View and analyze captured inference data from model services with Auto-Capture enabled. Use when: querying INFERENCE_TABLE, viewing inference logs, analyzing request/response data, debugging inference history, checking captured predictions. Triggers: inference logs, inference table, captured inference, autocapture data, view inference history, inference requests, inference responses.
Query and analyze captured inference data from model services that have Auto-Capture enabled.
autocapture=True enabled during creationNote: Auto-Capture is not supported for vLLM or HuggingFace inference engines.
Ask user:
Which model would you like to view inference logs for?
Please provide:
- Model name
- Database and schema where the model is registered
⚠️ STOP: Wait for user response.
Verify the model has services with autocapture enabled:
from snowflake.ml.registry import Registry
session = <SESSION_SETUP> # Per environment guide
reg = Registry(session=session, database_name="<DATABASE>", schema_name="<SCHEMA>")
mv = reg.get_model("<MODEL_NAME>").version("<VERSION>")
services_df = mv.list_services()
print(services_df[['name', 'status', 'autocapture_enabled']])
If no services have autocapture_enabled=True:
None of the services for this model have Auto-Capture enabled.
Auto-Capture must be enabled when creating the service (it cannot be added later).

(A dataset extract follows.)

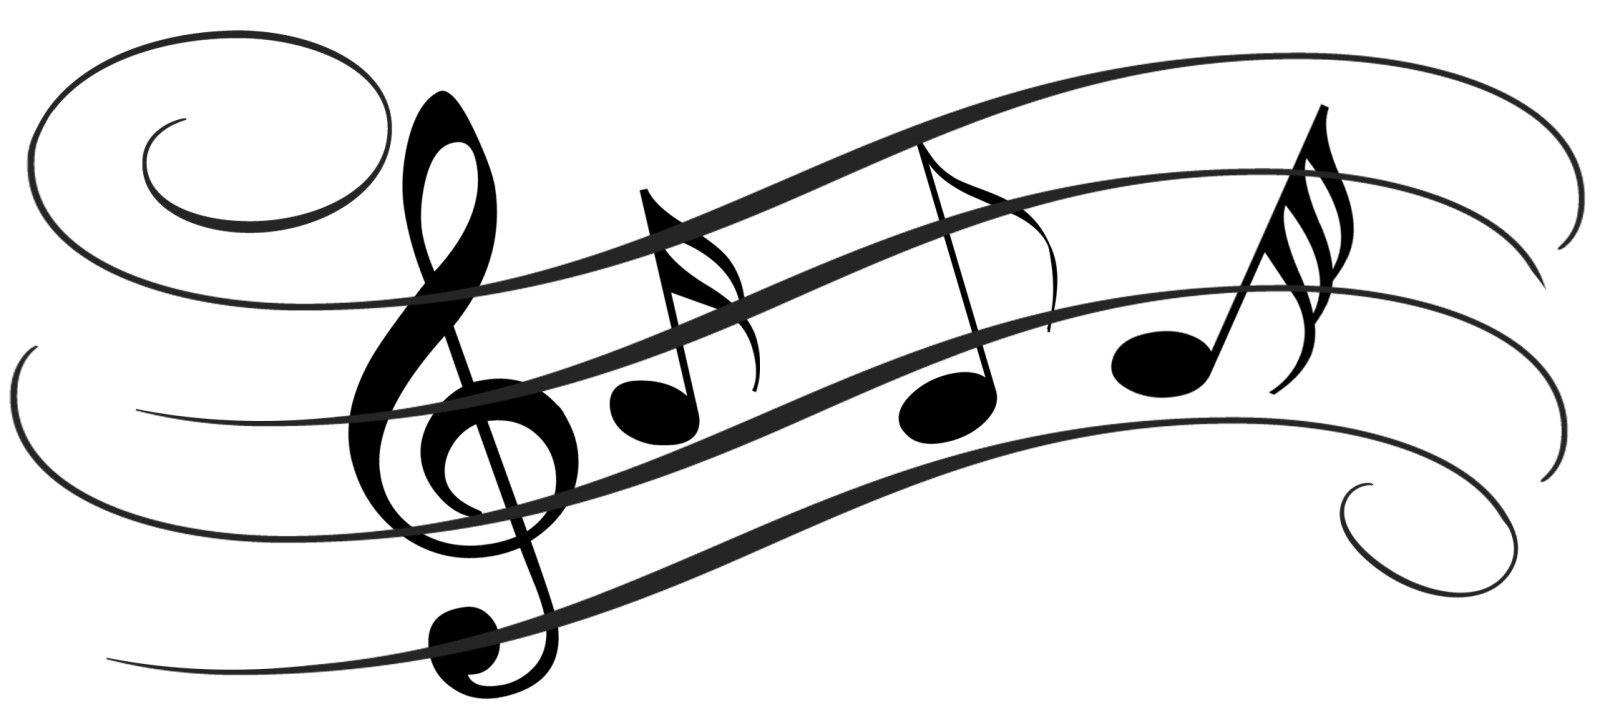 notas musicais - Pesquisa Google | rober | Pinterest

To enable it, you would need to recreate the service with autocapture=True.
Would you like help creating a new service with Auto-Capture enabled?
If yes, load ../spcs-inference/SKILL.md.
Ask user:
You can filter the inference logs. All filters are optional — press Enter to skip any:
- Model version (e.g., V1):
- Service name (e.g., MY_SERVICE):
- Gateway name (if using a gateway):
- Time range: How far back? (e.g., "1 hour", "24 hours", "7 days")

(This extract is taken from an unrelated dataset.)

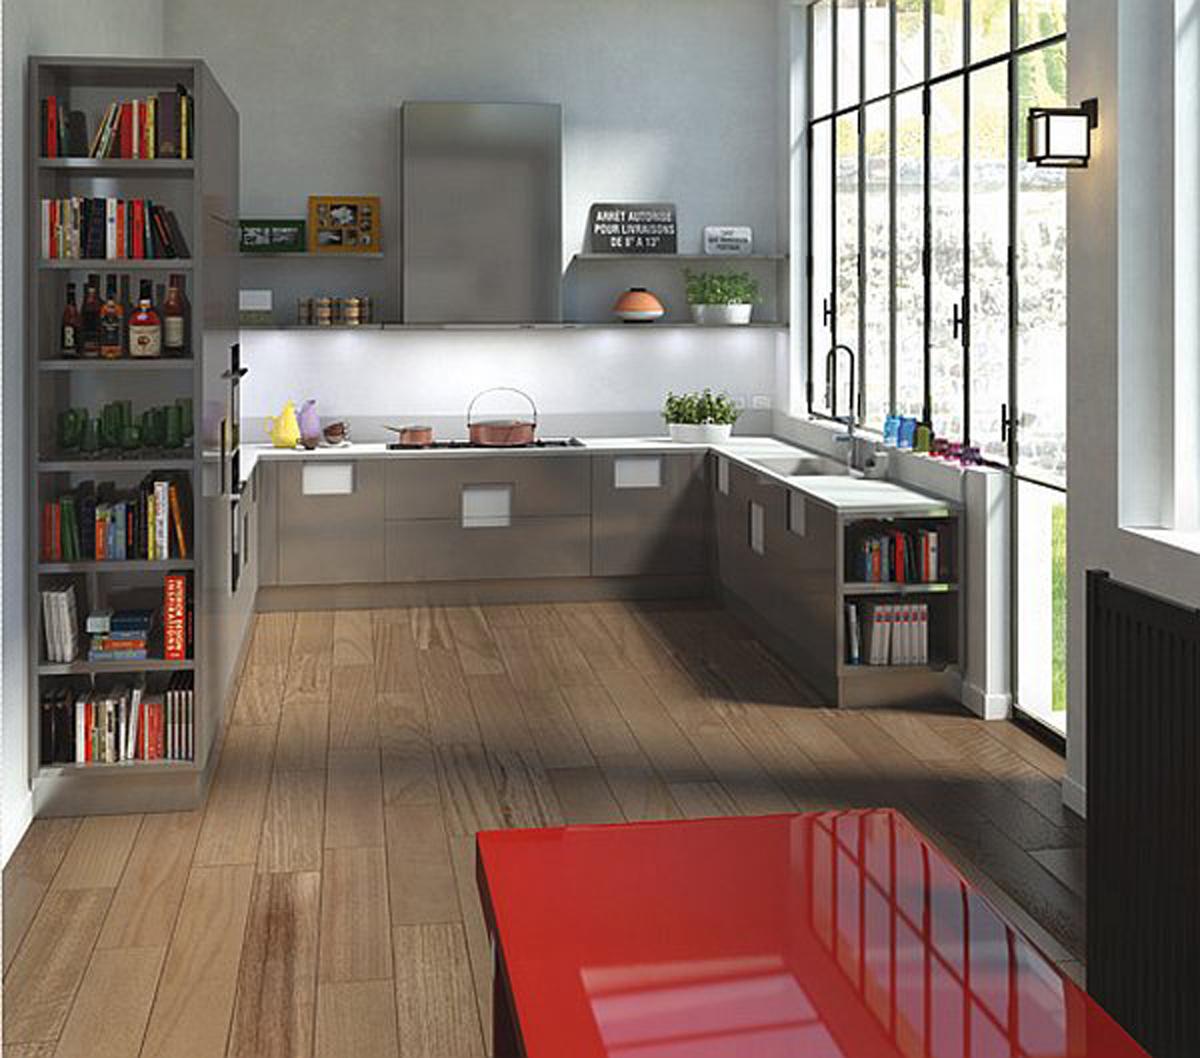 Space saving kitchen table - 10 Photos To Space Saving Kitchen Table

⚠️ STOP: Wait for user response.
SELECT *
FROM TABLE(INFERENCE_TABLE('<MODEL_NAME>'));
Include only the filters the user provided:
SELECT *
FROM TABLE(
INFERENCE_TABLE(
'<MODEL_NAME>',
VERSION => '<VERSION>',
SERVICE => '<SERVICE_NAME>',
GATEWAY => '<GATEWAY_NAME>'
)
)
WHERE TIMESTAMP > DATEADD('<unit>', -<N>, CURRENT_TIMESTAMP());
SELECT *
FROM TABLE(INFERENCE_TABLE('<MODEL_NAME>'))
WHERE RECORD_ATTRIBUTES:"snow.model_serving.function.name" = '<function_name>';
SELECT *
FROM TABLE(INFERENCE_TABLE('<MODEL_NAME>'))
WHERE TIMESTAMP > DATEADD('hour', -1, CURRENT_TIMESTAMP())
ORDER BY TIMESTAMP DESC
LIMIT 100;
After running the query, present the results and ask:
I found <N> inference records. What would you like to do?
1. View the raw data
2. Summarize request/response patterns
3. Analyze input feature distributions
4. Done
⚠️ STOP: Wait for user response.
SELECT
DATE_TRUNC('hour', TIMESTAMP) as hour,
COUNT(*) as request_count
FROM TABLE(INFERENCE_TABLE('<MODEL_NAME>'))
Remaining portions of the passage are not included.